I'm trying to understand bilinear forms and how they can be 'equivalent' and how this 'equivalence' translates to their associated orthogonal groups.
Fix a field $F$. I'm comfortable translating between a quadratic form $Q$ (homogenous degree $2$ polynomial in $\ell$ variables), its bilinear form on $F^\ell$ $B_Q$, and the symmetric $\ell \times \ell$ matrix $A_Q$. Each of these 'representations' has a group of matrices which preserve them, for example $SO(Q,F) := \{g \in SL_(\ell,F) | Q(gv) = Q(v) \; \forall v \in F^\ell\}$. Each of these representations has an associated group of matrices preserving it and I can show these groups are literally equal.

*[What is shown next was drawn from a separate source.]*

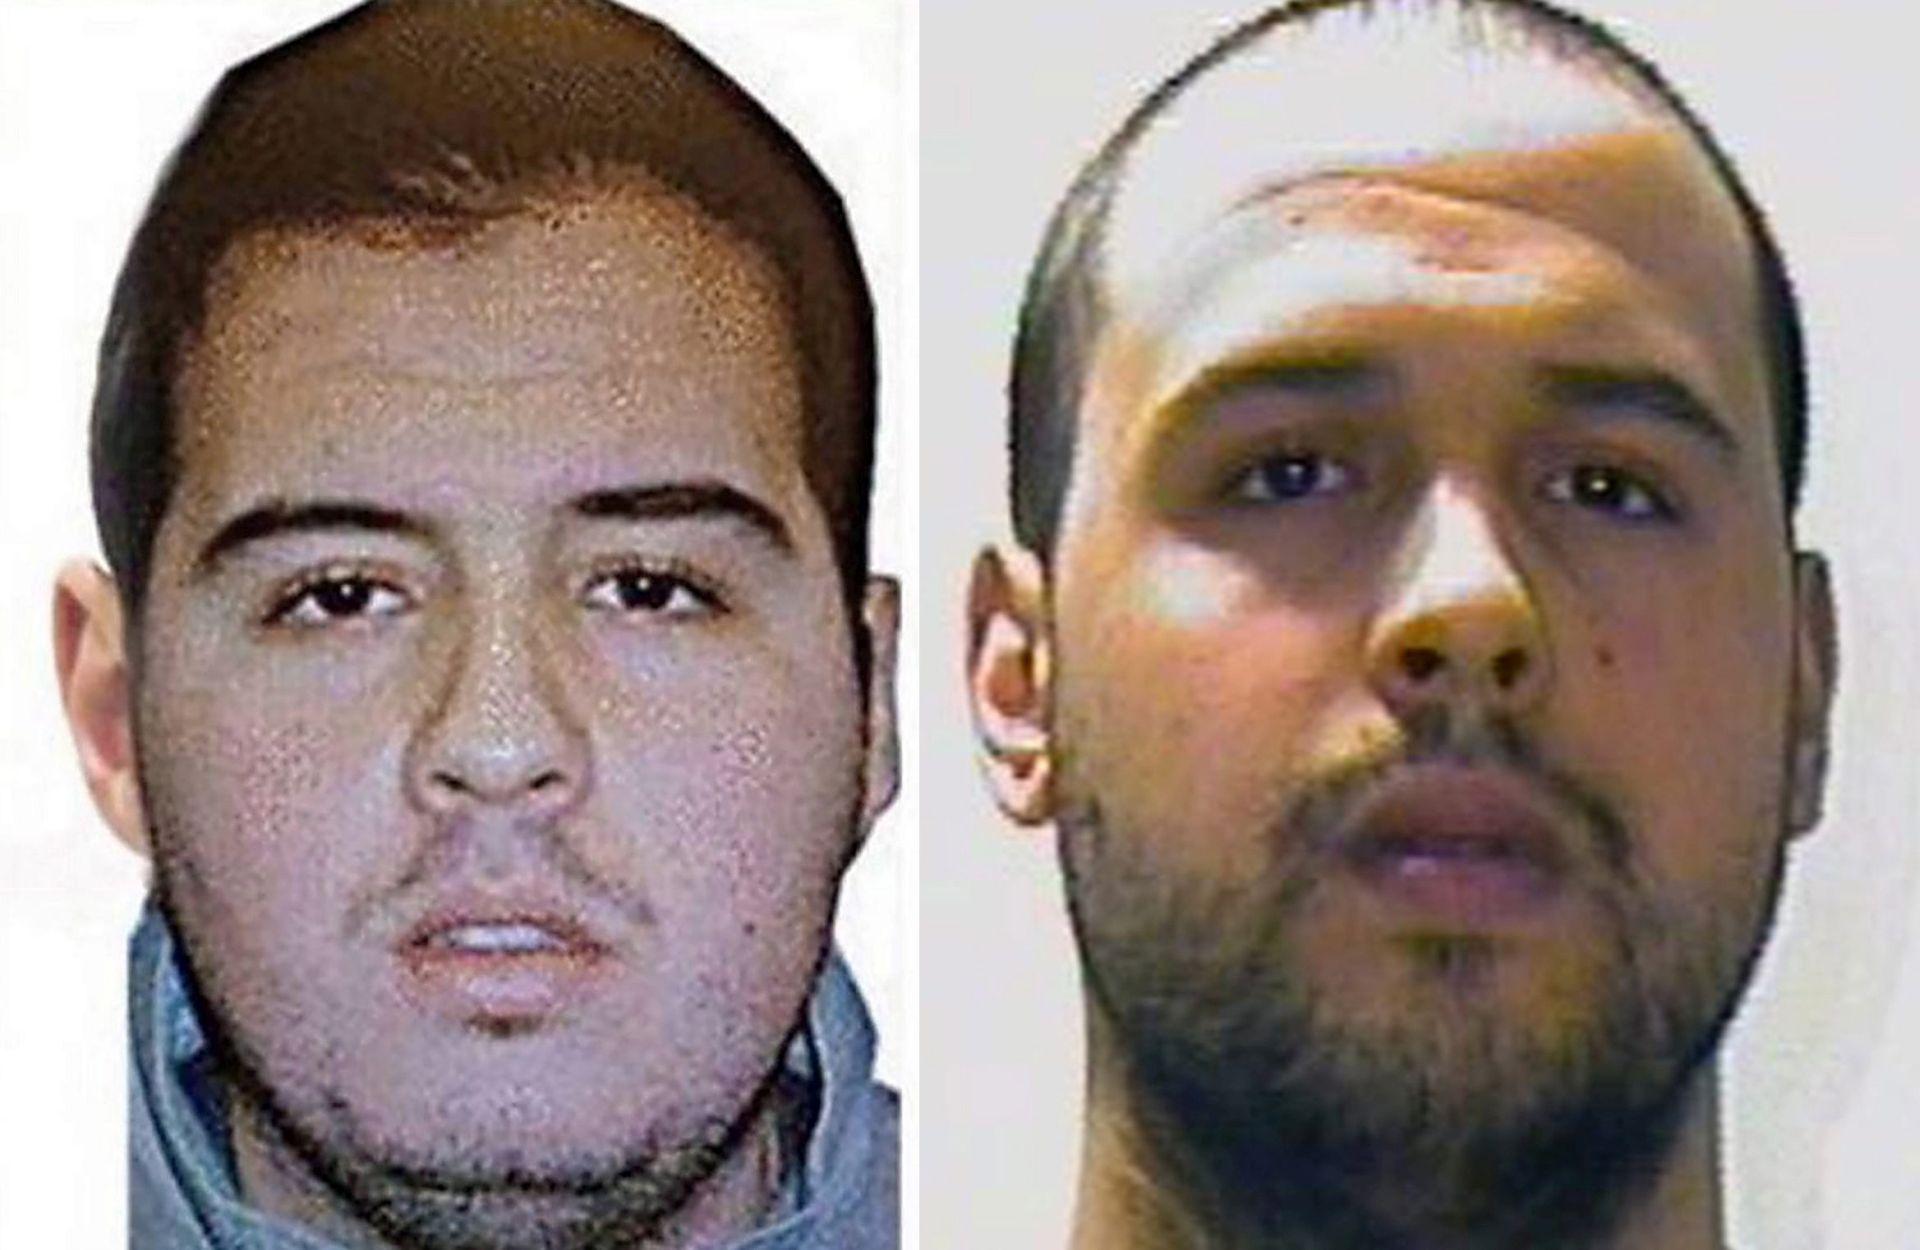 BELGIJA PRIZNALA 'GREŠKU' S JEDNIM OD NAPADAČA Američki dužnosnici: Braća su bila na listi terorista

On the other hand, there are operations on the vector space that seem to change the bilinear form into things more pleasant to deal with ('diagonalizing the quadratic form') and some notation ($SO(p,q)$) that seems to indicate that all of these are determined by the 'signature' of the quadratic form, etc. It seems like this should be explained by changing the underlying basis for the vector space, but I can't quite see it.
Since my context is reading about these orthogonal groups as Lie groups (Morris Arithmetic Groups), I'd like to know how changing the form affects the group and why. It seems like it should be conjugation by a change of basis matrix, but again, I can't really explain why or find a reference.
Explicitly, I'm looking for an explanation of how/when quadratic forms can be considered 'equivalent' (for example, why does the signature characterize them?), what effect that has on the orthogonal groups, and hopefully how it translates between the various representations listed above. I know that's a lot, so a reference would also be good.
You say you can show all these groups are the same, which certainly is not true set theoretically, but in fact is not even true group theoretically when one interprets "same" as "isomorphic".
Consider these two examples:
In case 1, as you noted one gets the (special) orthogonal group $SO(2;\mathbb R)$. This is isomorphic to the circle group $S^1 = \{z \in \mathbb C^{\times} \bigm| |z|=1\}$. One sees from this, for example, that the orthogonal group has elements of all finite orders $n=2,3,4,\ldots$, namely the matrices $$\begin{pmatrix} \cos(2\pi/n) & \sin(2\pi/n) \\ -\sin(2\pi/n) & \cos(2\pi/n) \end{pmatrix} $$ The geometric point to ponder is that the level sets of the norm are circles centered on the origin, and the group action must preserve each circle (and must rotate that circle rigidly)
But in case 2 one gets instead the group $SO(1,1;\mathbb R)$. That group does have a few elements of bounded finite order, but it has an index $4$ normal subgroup isomorphic to $\mathbb R$; you can do a basis change so that this subgroup becomes $$\begin{pmatrix} e^t & 0 \\ 0 & e^{-t} \end{pmatrix} $$ It follows that the possible finite orders of group elements are bounded by $4$. In this case the geometric point to ponder is that level sets of the norm are (2-sheeted) hyperbolas, and the group action must preserve the 4 hyperbolas formed as the union of the norm $1$ and norm $-1$ level sets.
So the two groups cannot be isomorphic as abstract groups. It's even worse than that: When considered as topological groups or as Lie groups, $SO(2;\mathbb R)$ is compact whereas $SO(1,1;\mathbb R)$ is noncompact.
It's definitely worth pondering how these groups can be classified up to isomorphism as Lie groups, or as topological groups (or even just as abstract groups). Here the absolute value of the signature plays an important role as an invariant.